Back in 2012, I blogged here about an employee who took her mother to Las Vegas on a vacation. The two ladies spent time playing slots, shopping on the Strip, people-watching, and dining at restaurants. The mother had terminal cancer, but had no specific plans to seek medical treatment in Las Vegas and was never hospitalized or treated by a physician.
When the employee returned to work, she soon became a former employee, immediately terminated for what her employer determined to be unauthorized absences.
The employee then sued for violations of the Family and Medical Leave Act.
An Illinois federal court ruled here that the employee had a tenable FMLA claim because she was “caring for” her mom, who had a serious health condition (terminal cancer), by helping her with basic medical, hygienic, and nutritional needs. It did not make where the care was administered. It just mattered that the employee was caring for her sick mom.
Yesterday, the Seventh Circuit affirmed in this opinion, where, again, the issue came down to what it means to “care for” a family member with a serious health condition.

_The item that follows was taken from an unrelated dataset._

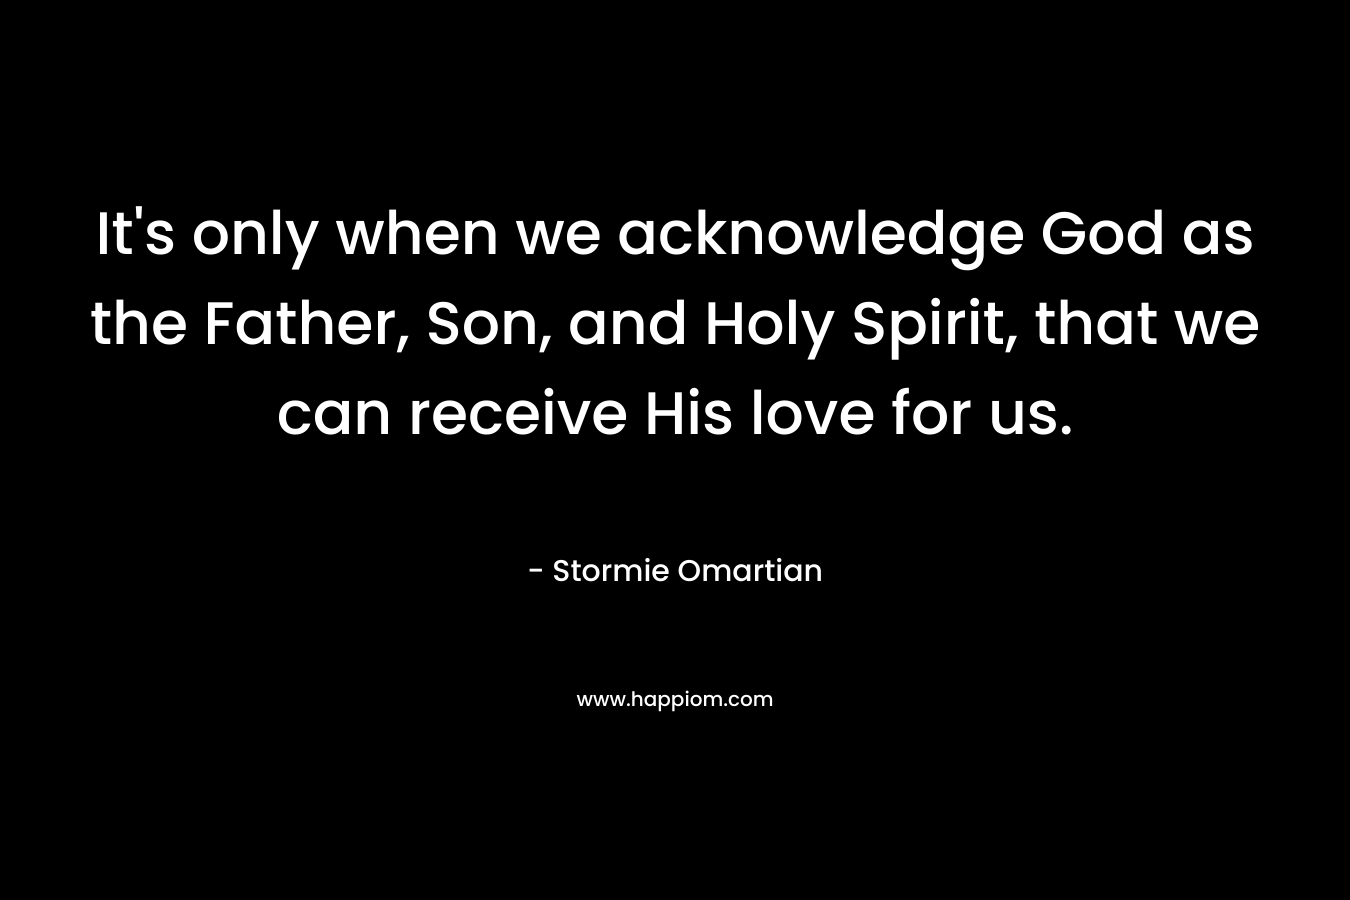 It's only when we acknowledge God as the Father, Son, and Holy Spirit, that we can receive His love for us.

The appellate court agreed with the lower court that it doesn’t matter where care is provided, just as long as care is provided:
Sarah’s basic medical, hygienic, and nutritional needs did not change while she was in Las Vegas, and Beverly continued to assist her with those needs during the trip. In fact, as the district court observed, Beverly’s presence proved quite important indeed when a fire at the hotel made it impossible to reach their room, requiring Beverly to find another source of insulin and pain medicine. Thus, at the very least, Ballard requested leave in order to provide physical care. That, in turn, is enough to satisfy [the FMLA].
So, if your employee needs time off to care for a significant other with a serious health condition, get an FMLA medical certification to satisfy yourself that the leave is covered.
Otherwise, what does it matter where the employee cares for a loved one?